Skip to content
Snippets Groups Projects
  1. Jan 01, 2023
  2. Oct 01, 2022
  3. Sep 30, 2022
  4. Sep 29, 2022
  5. Sep 28, 2022
    • Robert Carr's avatar
      BlastBufferQueue: Fake release if not received by complete · 405e2f68
      Robert Carr authored
      This is a cherry-pick from of a CL from sc-v2 adding a safety mechanism
      for lost buffers. The original CL probably should have been merged in to master,
      and I can't relate to my thought process adding DO NOT MERGE on the
      original CL. Recently we have started seeing some of these ANRs again.
      Well actually we have seen them continuously, but most have been due to
      GPU hangs. Recently we started seeing some which aren't due to GPU
      hangs. We found one trace, which showed the sort of situation described
      below, which lead me to realizing this code was never merged in to
      master. It shoud be relatively safe since we released it on sc-v2.
      
      Perfetto telemetry shows a cluster where a transactionComplete is
      arriving but an earlier releaseBufferCallback has never arrived.

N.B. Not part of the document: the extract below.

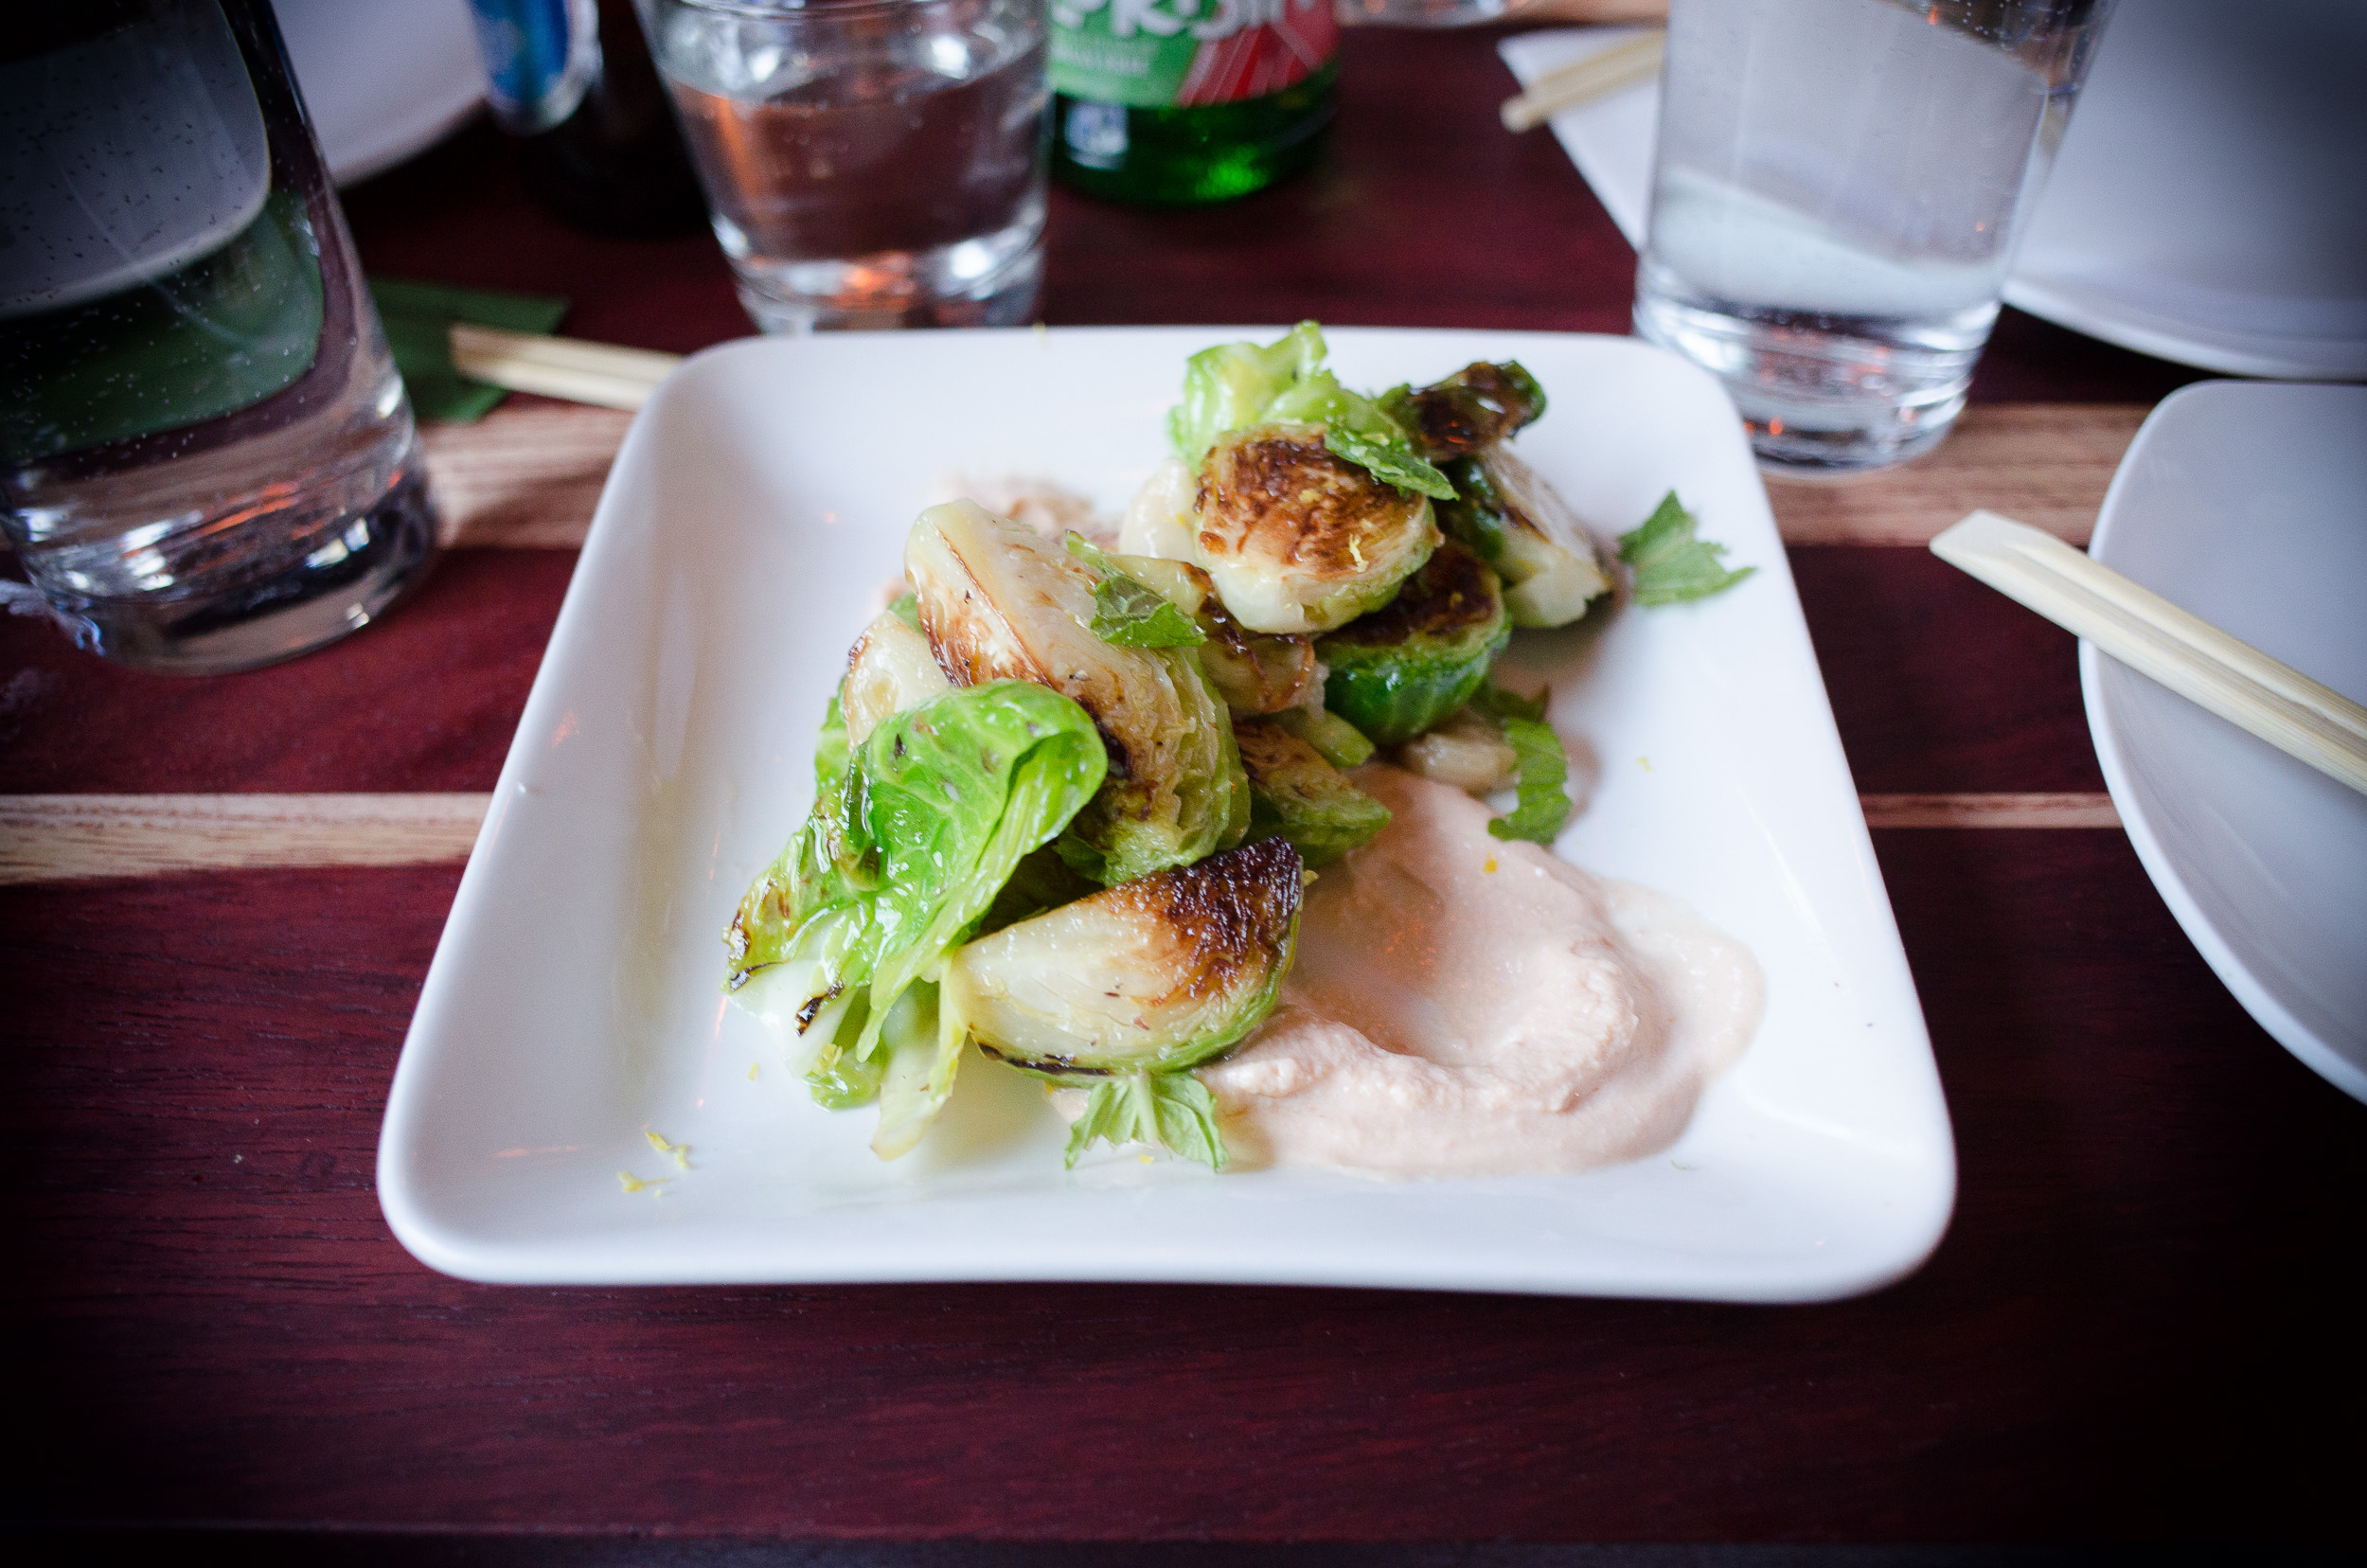 Roasted brussel sprout salad, shrimp-tofu schmear, garlic, mint

      This leads to blocking and ANRs. We try to work around this by
      generating a fake release buffer callback for previous buffers when we
      receive a TransactionCompleteCallback. How can we know this is safe? The
      criteria to safely release buffers are as follows:
      	Condition 1. SurfaceFlinger does not plan to use the buffer
      	Condition 2. Have the acquire fence (or a later signalling fence)if
      	dropped, have the HWC release fence if presented.
      Now lets break down cases where the transaction complete callback
      arrives before the release buffer callback. All release buffer callbacks
      fall in to two categories:
      	Category 1. In band with the complete callback. In which case the client
      	library in SurfaceComposerClient always sends release callbacks
      	first.
      	Category 2. Out of band, e.g. from setBuffer or merge when dropping buffers
      
      In category 2 there are two scenarios:
      	Scenario 1: Release callback was never going to arrive (bug)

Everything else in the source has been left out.